In March 2022, a Massachusetts Superior Court judge struck down the Massachusetts fiduciary rule in a suit brought by Robinhood in April 2021. The online brokerage was responding to a lawsuit Galvin filed against Robinhood in December 2020 for violating the state’s fiduciary rule through features of its online trading app that allegedly targeted inexperienced investors.
Galvin appealed the Superior Court decision to the Massachusetts Supreme Judicial Court, which overturned the lower court’s ruling Friday.
The Massachusetts high court held that Galvin acted appropriately in promulgating a fiduciary rule because it does not violate state law nor is it overridden by Reg BI.
“[W]e conclude that the Regulation Best Interest constitutes a regulatory floor that does not foreclose State regulation to more clearly protect investors,” the Massachusetts court wrote in its opinion.
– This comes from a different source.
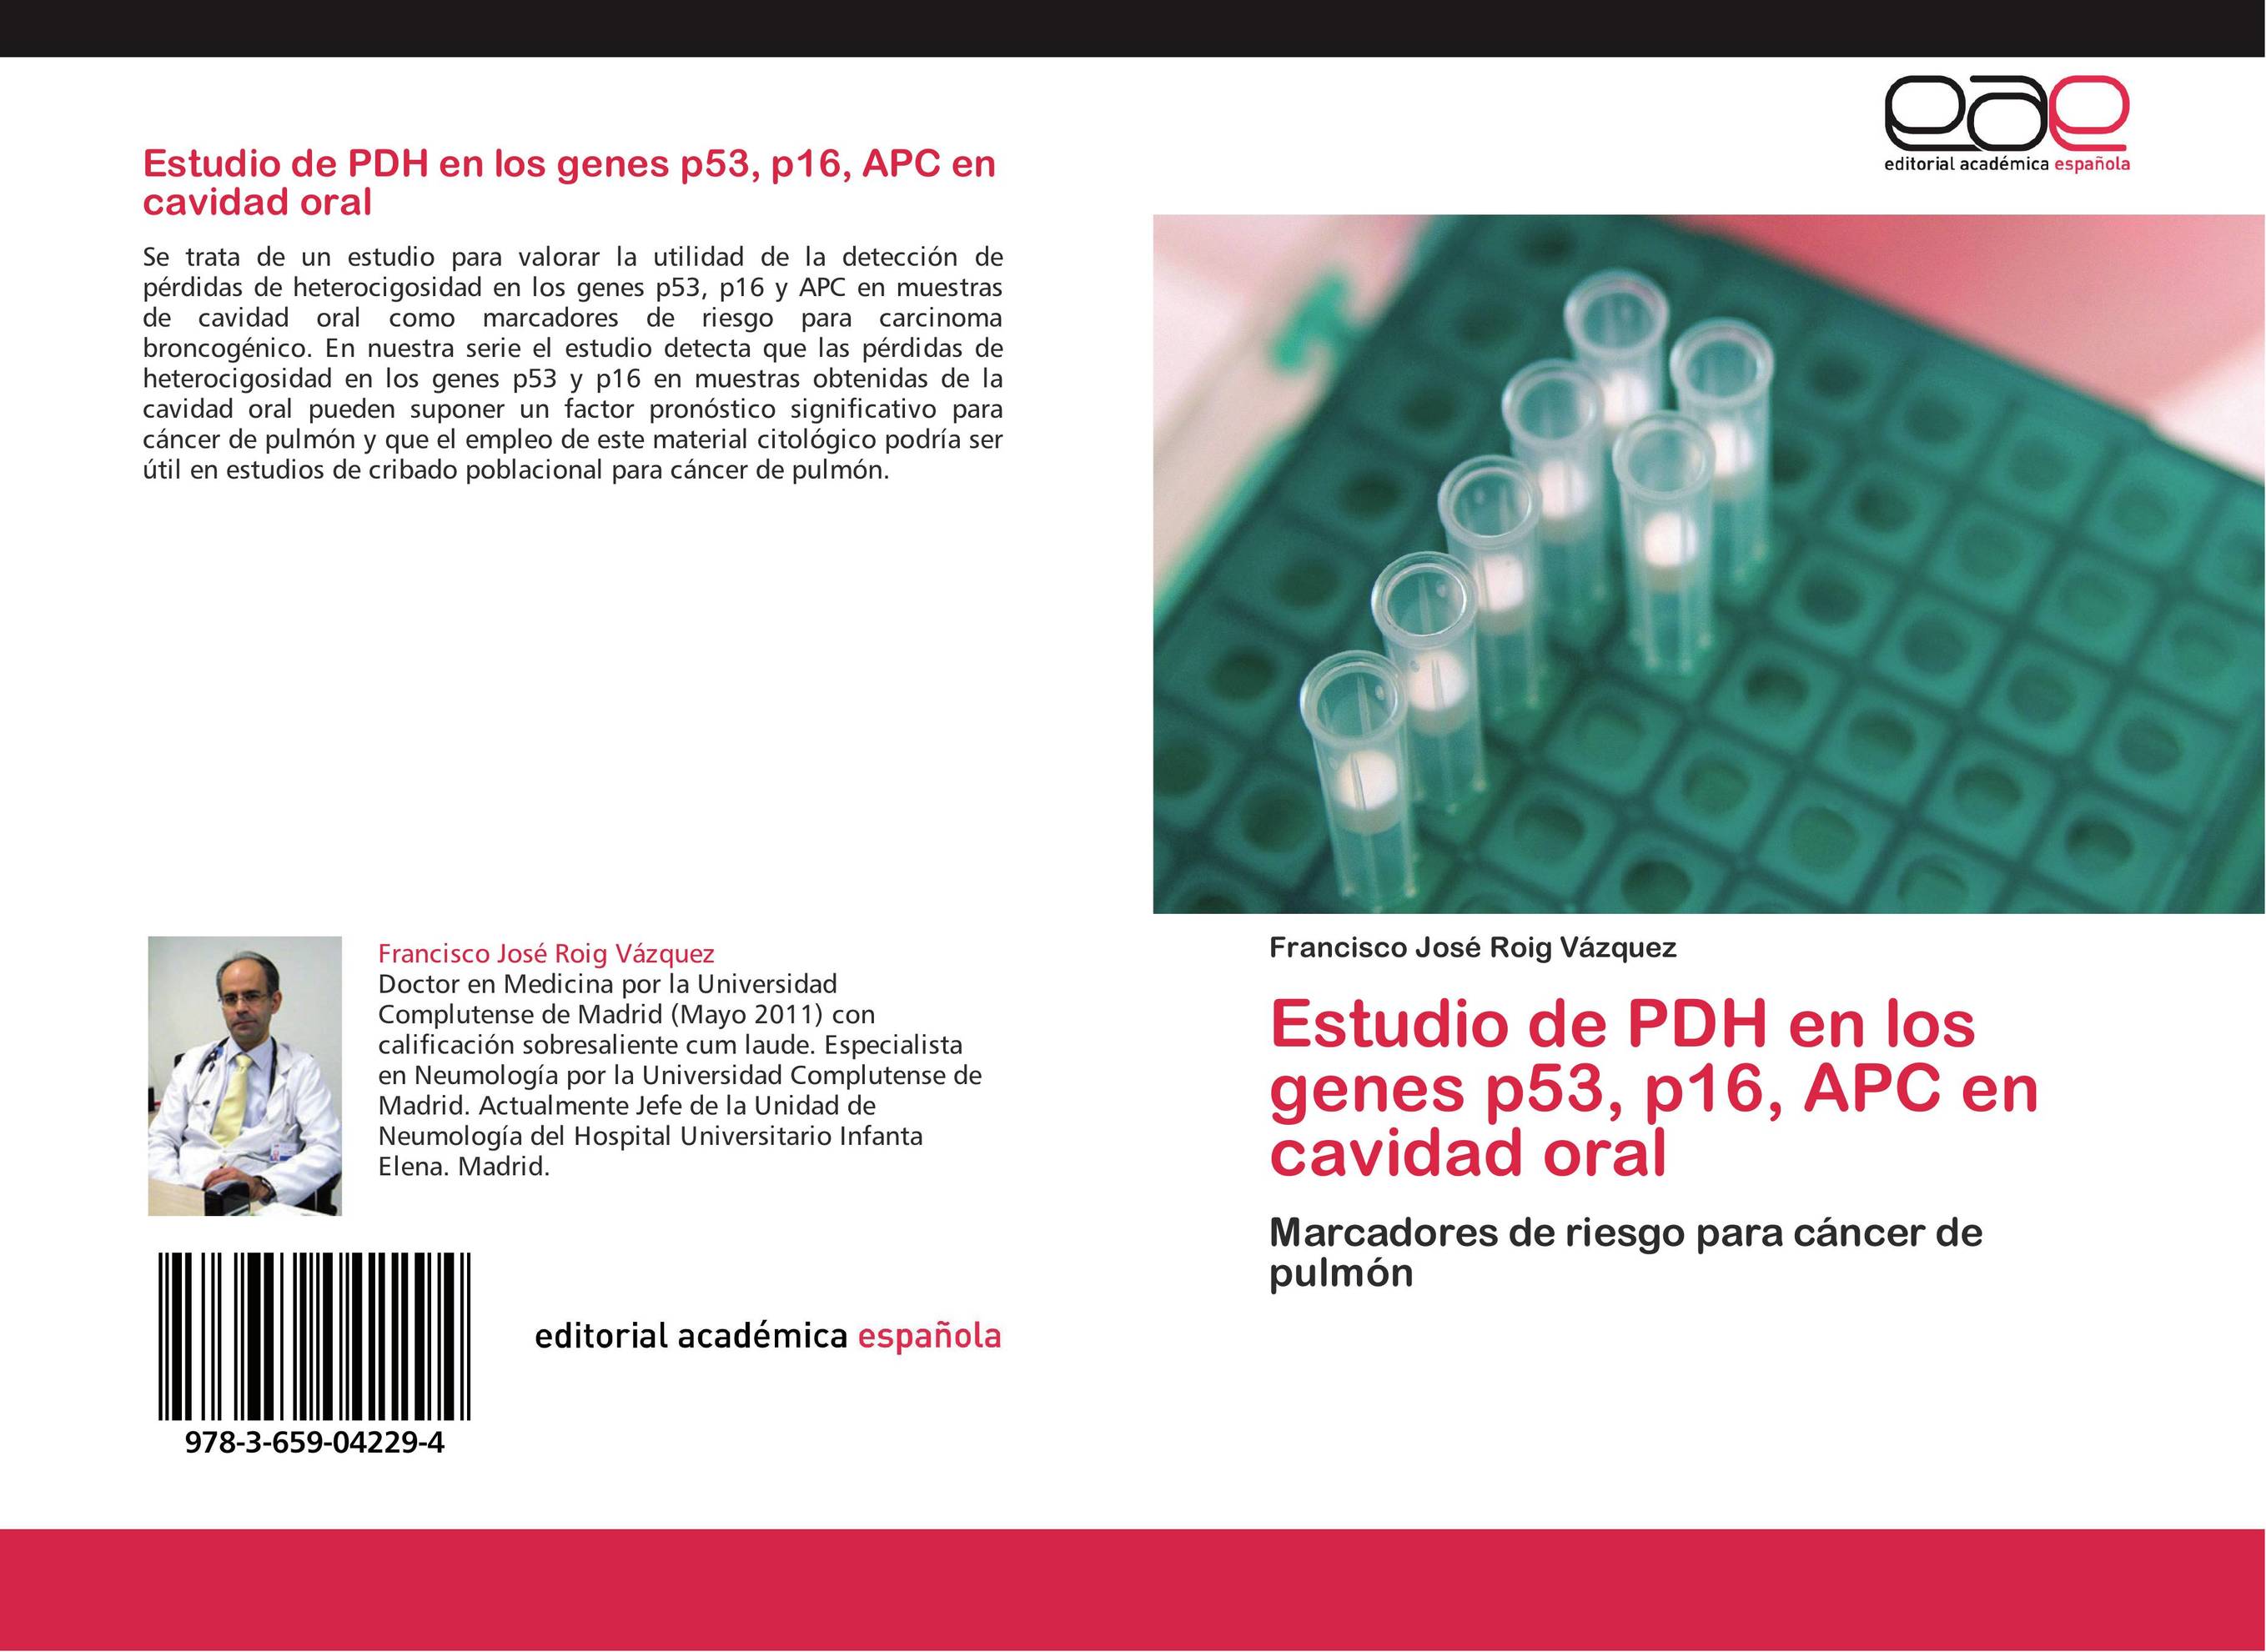 Estudio de PDH en los genes p53, p16, APC en cavidad oral

The case was remanded to the lower court for further administrative proceedings.
Galvin celebrated his victory.
“This landmark decision affirms the fiduciary duty of brokers to their customers and vindicates the role of my Securities Division to principally, but aggressively, protect investors and police broker-dealer misconduct,” Galvin said in a statement. “The rule that has been upheld by the Supreme Judicial Court today will give the highest protections to Massachusetts investors when brokers provide investment advice.”
Robinhood may not be done battling the state’s investment-advice standard.
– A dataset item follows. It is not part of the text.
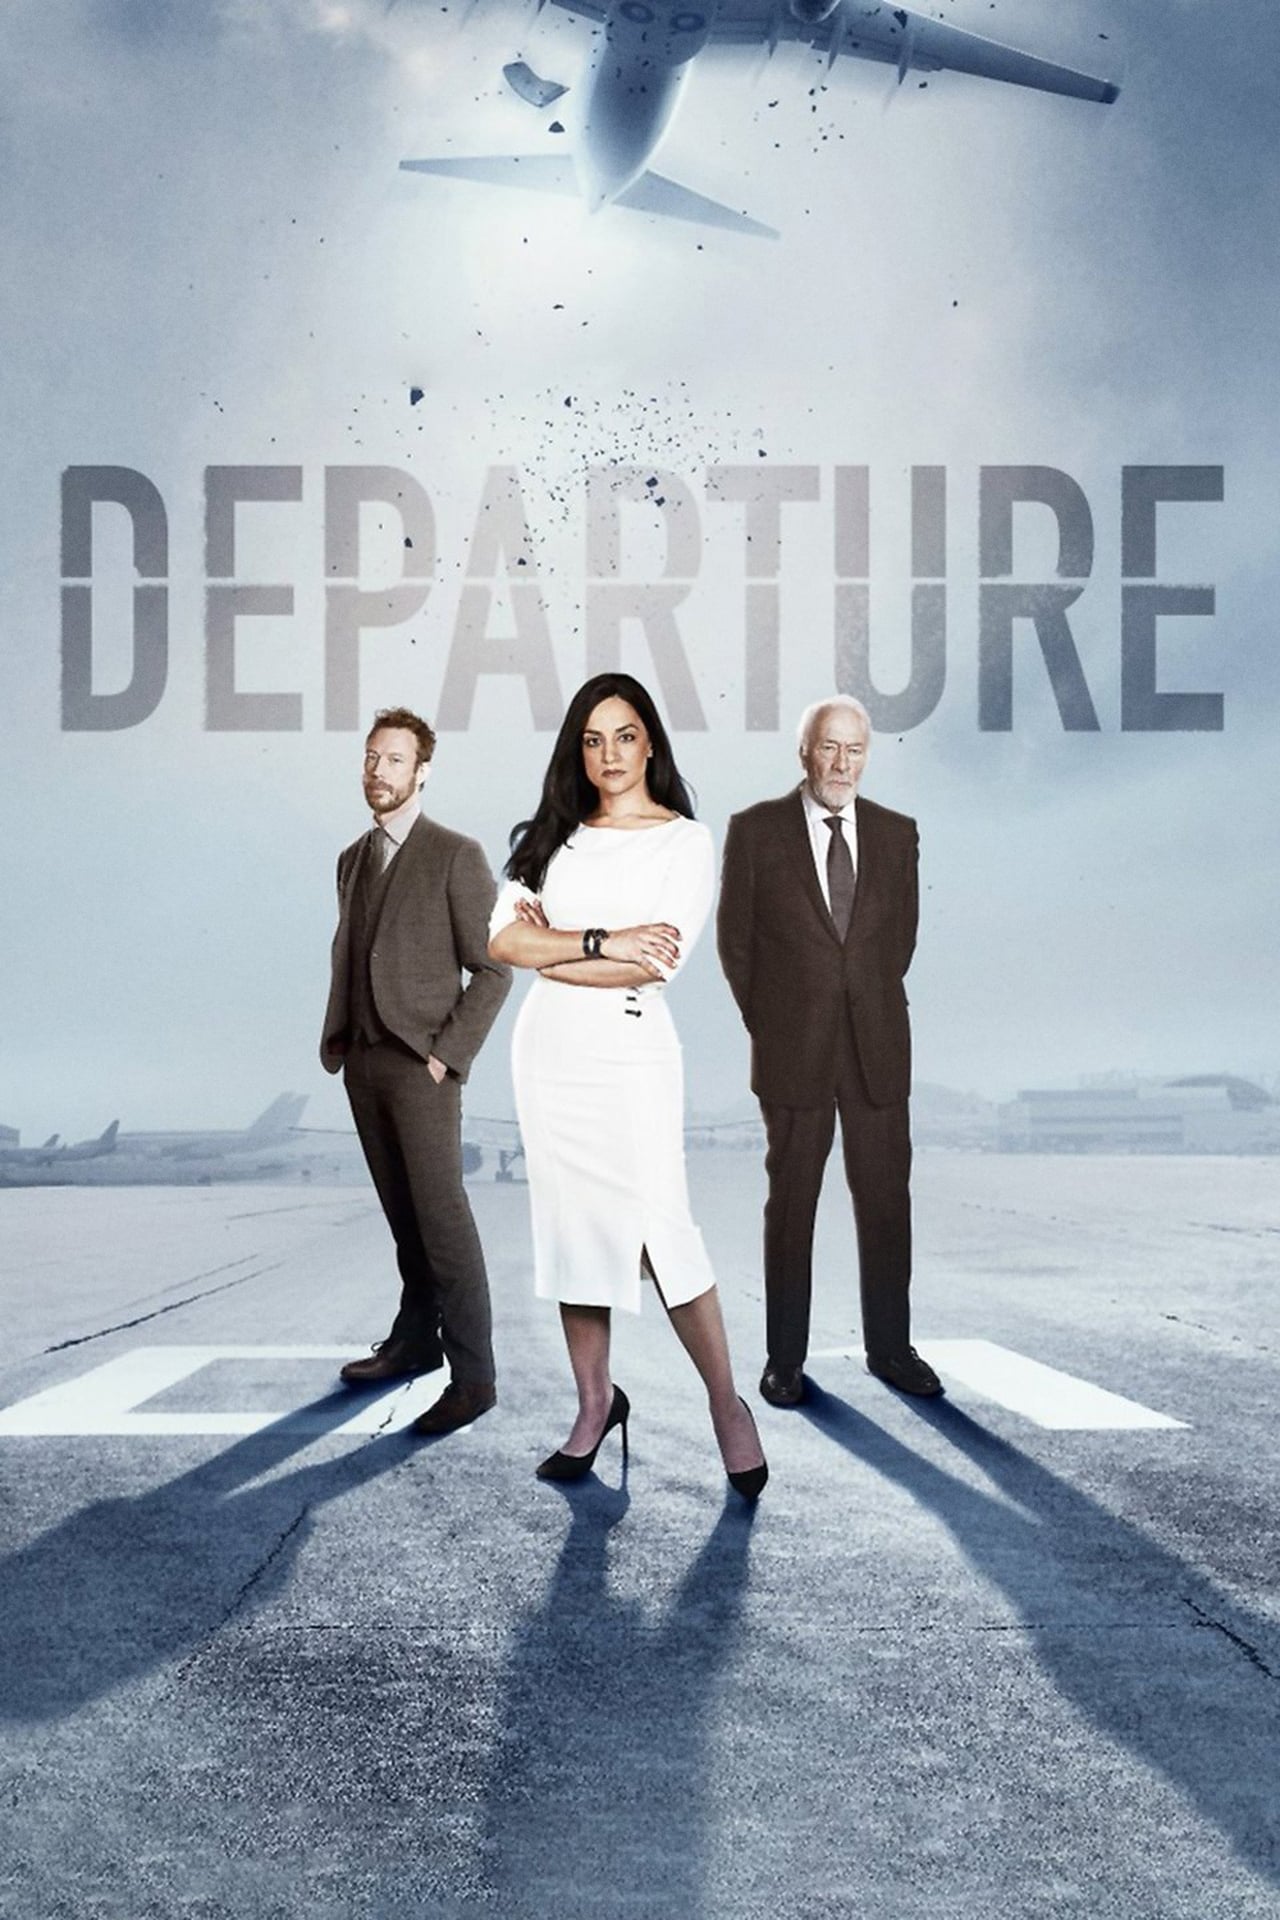 Departure (season 2)

“We are disappointed in today’s decision and remain committed to providing access to the markets for our Massachusetts customers,” Lucas Moskowitz, deputy general counsel and head of government affairs at Robinhood Markets Inc., said in a statement. “We are in the process of reviewing the opinion and assessing next steps in this matter.”
In his December 2020 suit, Galvin alleged that Robinhood violated the Massachusetts fiduciary rule because gamification features in its online app enticed investors with little experience to make repeated trades. Galvin said Robinhood acted to promote its own business, contravening the state standard that requires brokers to make recommendations without regard to their own financial interests.
In its April 2021 suit to overturn the rule, Robinhood argued Galvin exceeded his authority under the state’s securities law by imposing a uniform fiduciary standard in Massachusetts that subjects brokers to the same advice standard as investment advisors. Previously, brokers were governed by a separate suitability standard.
The brokerage also argued that the Massachusetts rule was preempted by the SEC’s Reg BI, which prohibits brokers from placing their financial interests ahead of their customers’ interests but is not itself a fiduciary standard.
Fiduciary advocates, who assert it is the highest standard for investment advice, hailed the Massachusetts high court ruling.
“This morning the Massachusetts Supreme Judicial Court made regulatory history,” Knut Rostad, president of the Institute for the Fiduciary Standard, said in a statement. “The decision is an overwhelming victory for investors. It is a Fenway Park Red Sox grand slam home run that will be reviewed by many other state securities administrators in the months and years ahead.”
Galvin has asserted that the state’s fiduciary rule is stronger than Reg BI in protecting the state’s investors, who are confused by the differing standards for brokers and advisors. The state’s high court said he has the leeway to set a higher standard.
“To be sure, the rule imposes an obligation on broker-dealers beyond that attendant to the prior suitability standard … and is clearer than the standard under Regulation Best Interest, which does not define ‘best interest,’” the court wrote in its opinion. “But the rule is driven by changes in the prior ‘norm’ of the marketplace that have caused investor harm, the Secretary found.”
The court was not convinced by Robinhood’s argument that Reg BI preempted the Massachusetts fiduciary rule. Robinhood asserted that the SEC through Reg BI was trying to preserve lower-cost investment advice from brokers that would become too expensive if brokers had to adhere to fiduciary duty.
“We disagree that this aspiration to preserve investor access to an array of investor services ‘to the extent possible’ hurdles the high bar required to find conflict preemption,” the Massachusetts court wrote.
The court also said the SEC declined explicitly to preempt state investment advice laws within the language of the final Reg BI rule.
“Here, Robinhood’s preemption argument is ‘particularly weak’ because Congress and the SEC were aware of state laws imposing fiduciary obligations on broker-dealers and declined to express an intent to preempt those laws,” the court wrote. The court said the SEC in the Reg BI adopting release concluded “a preemption analysis would be too speculative.”